Additionally, research conducted in North Vietnam showed a significant lack of knowledge regarding Hepatitis B testing and interpretation of results, symptoms of chronic hepatitis B infection, its treatment and monitoring of patients with chronic hepatitis B infection. The median knowledge scores regarding chronic hepatitis B infection treatment, and monitoring were low amongst the eight HBV knowledge categories 23. This was similar to prior Cameroon research which showed that participants had strong understanding of HBV infection 24. But, at Haramaya University, Ethiopia, it was higher than the 56.2% knowledge level 25, 59 % from Iraq 26 and 14.5 % from Lao 27.
The study's findings revealed that knowledge about HBV prevention is strongly linked to level of education (AOR=2.3, 95%CI: (1.1-27.3); p=0.045) and working experience (AOR=1.5; 95%CI: (1.16-9.8); p=0.034). The results of this study are in line with a research done in Sudan's White Nile state, which showed that the level of HBV knowledge among HCWs was significantly linked to the level of education 28.
On one hand, our study results were in line with results of a study done in Khartoum where they found that there were no significant association between age, occupation, marital status; but on the other hand, our findings were in contrast with findings revealed in their study where Sanaa et al. showed that there was no statistically significant relationship between knowledge, attitude, educational level, practice, and working experience concerning HBV 21.
The findings from this study revealed that only 2.2% of respondents presented good practices, 69.4% of them had fair practices and 28.4% presented poor practice on HBV practices.

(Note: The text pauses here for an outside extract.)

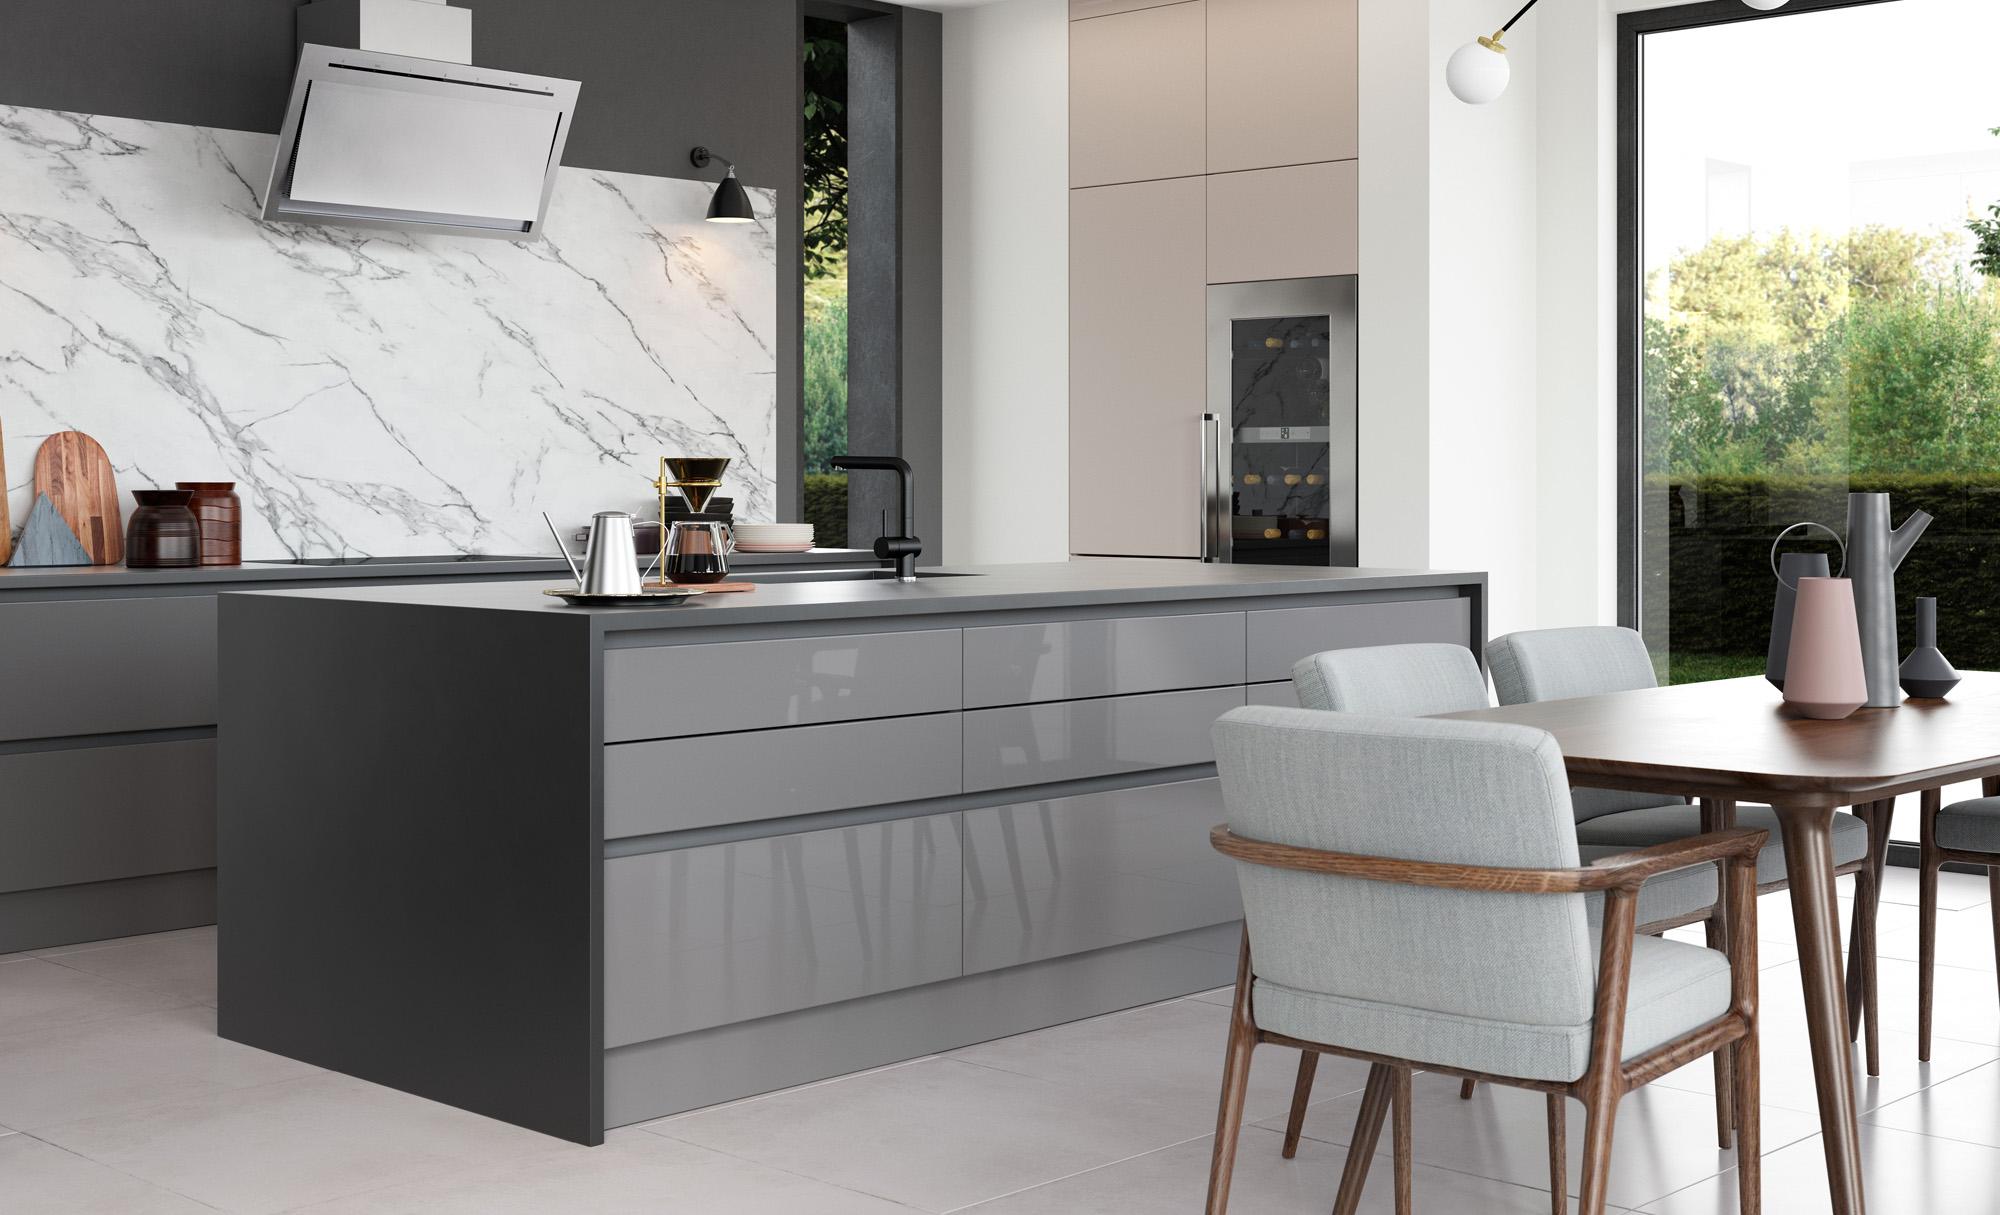 Modern Contemporary Kitchen - Zola Gloss Dust Grey Cashmere, Tavola Stained Anthracite Kitchen - Kitchen Design - Alan Kelly Kitchens - Waterford

A study in Pakistan conducted among the safe population of Quetta , found that 96.9% of respondents never went to Hep B screening and 86.8 per cent registered as negatively immunized against Hep B 29. This have been supported by a study conducted by Ul Haq et al. 30 found that 66.9% of patients w ere within the spectrum of inadequate practice, while 33.1% demonstrated good preventive practice with respect to Hep B. Most of 98.2% of patients have not been certainly screened with hep B before getting the infection.
The result from this study showed that being aged between 20-30 years was associated with 2.5 times (AOR,=2.5; 95%CI: (1.33-3.50); p=0.02) more likely to have good practices on HBV prevention than respondents aged less than 20 years. Respondents with high school had 2.7 times (AOR=2.7; 95%CI: (2.4-5.61); p=0.019) more likely to have good practices on HBV prevention than those with no level of education. The odds of having good practice towards HBV had found to increase with work experience (AOR=2.3; 95%CI: (1.29-4.3); p=0.014). In line with this finding, a study conducted by Ahmad et al. 31 shows that gender, age, marital status, education level, and vaccination status was significantly associated with safer practices towards hepatitis B.

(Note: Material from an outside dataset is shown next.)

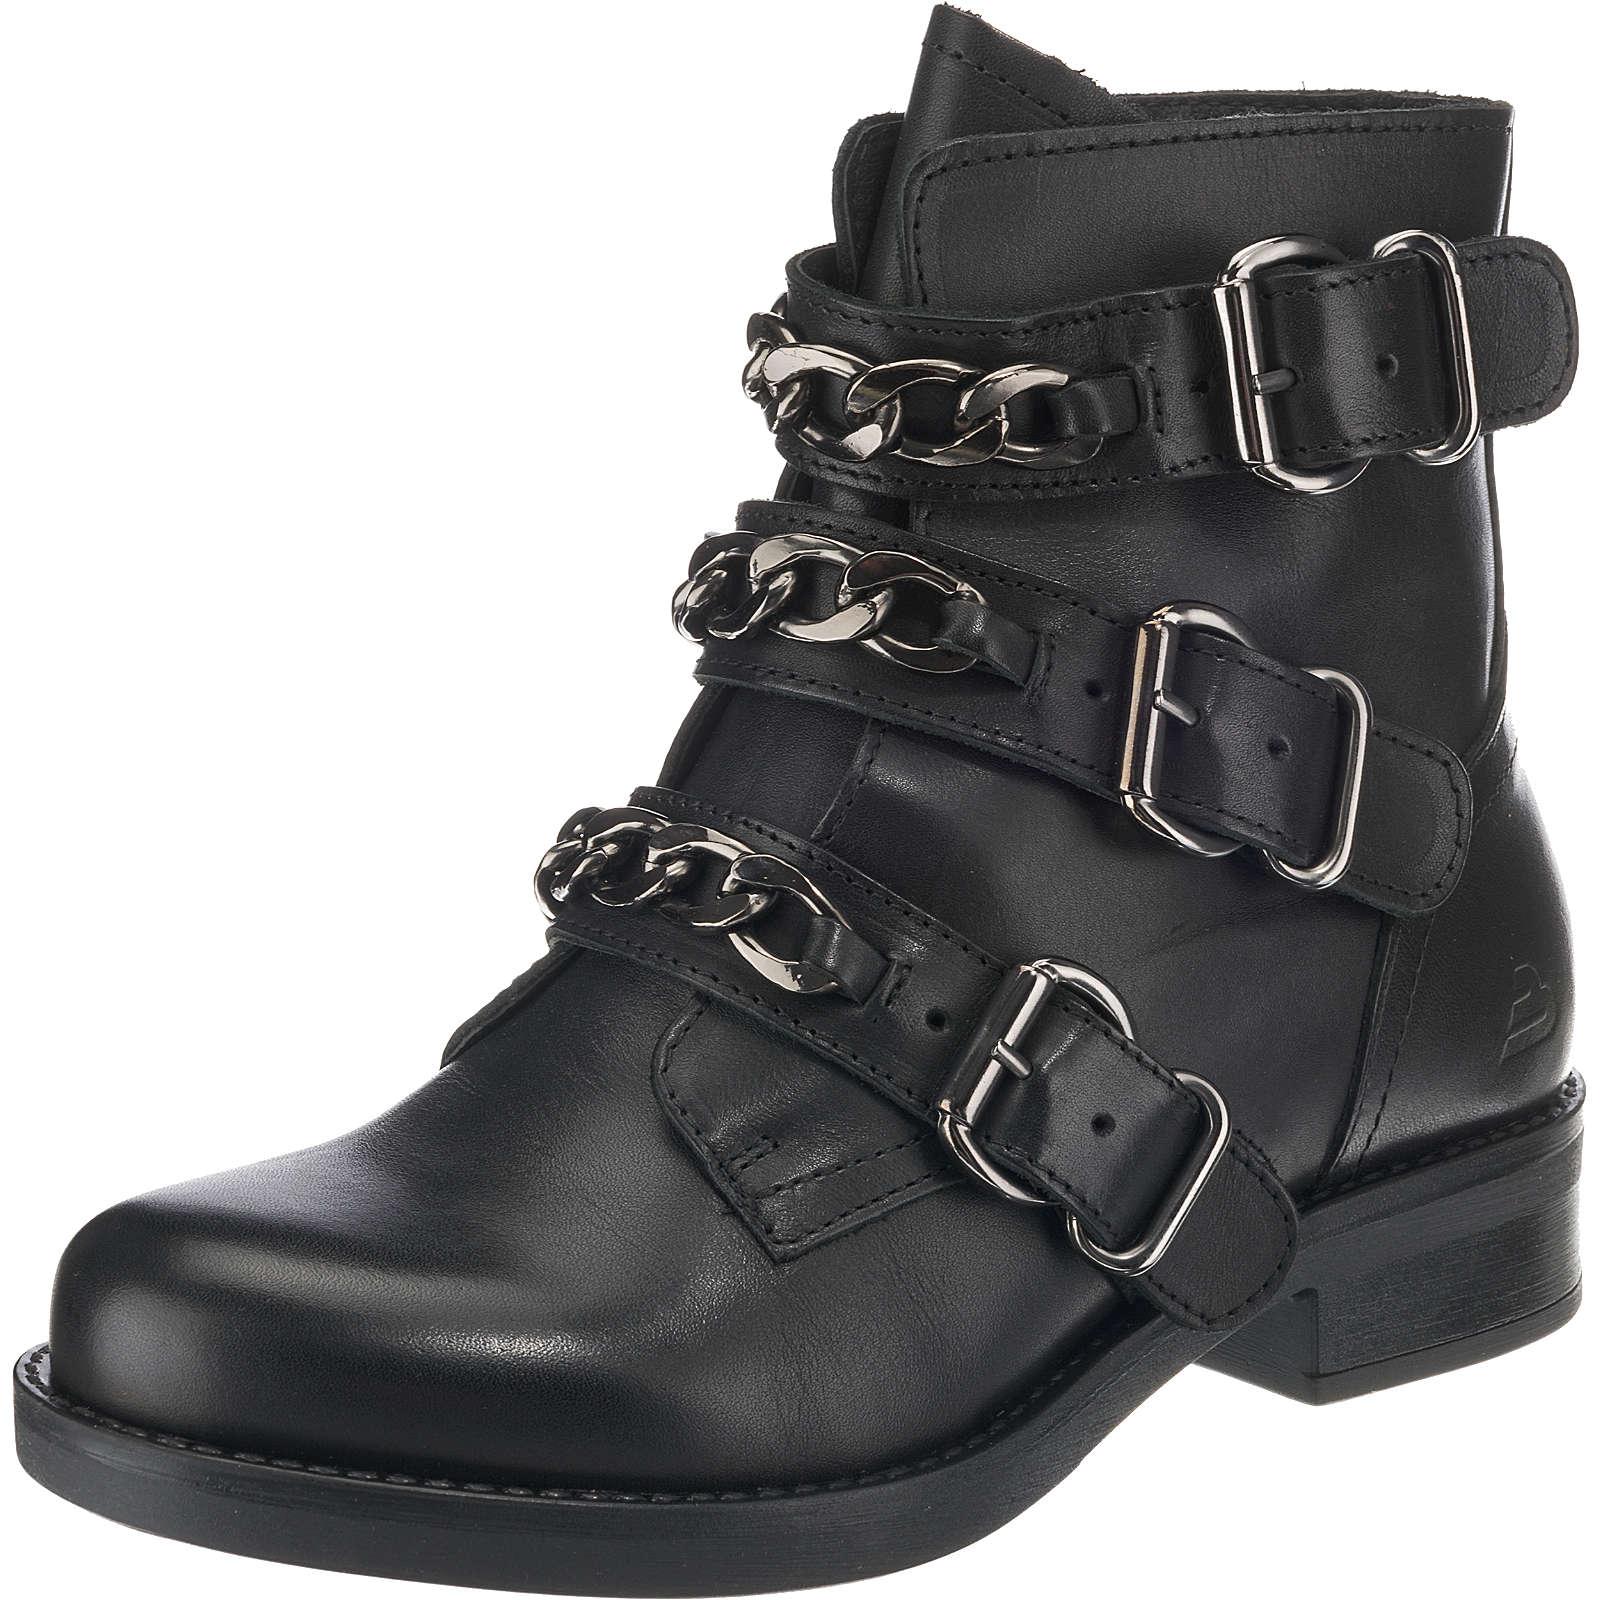 BULLBOXER Biker Boots schwarz Damen Gr. 39

Some of the cleaners in the Byumba, Nemba and Rutongo district hospitals in Rwanda are aware of HBV infection. However, many of the participants lacked the requisite knowledge for prevention and management of post- exposure with HBV. The results for this study found low coverage rate for vaccination and a high prevalence of needle stick injuries. Additional occupational exposure protection strategies, HBV infection training plans, and raising vaccination coverage to all cleaners are all needed.
Some of the cleaners in the Byumba, Nemba and Rutongo district hospitals are aware of Hep B infection. However, many of the participants lacked the requisite knowledge for prevention and management of post- exposure with HBV. The results for this study found low coverage rate for vaccination and a higher prevalence of needle stick injuries. Additional occupational exposure protection strategies, HBV infection training plans, and raising vaccination coverage to all cleaners are all needed.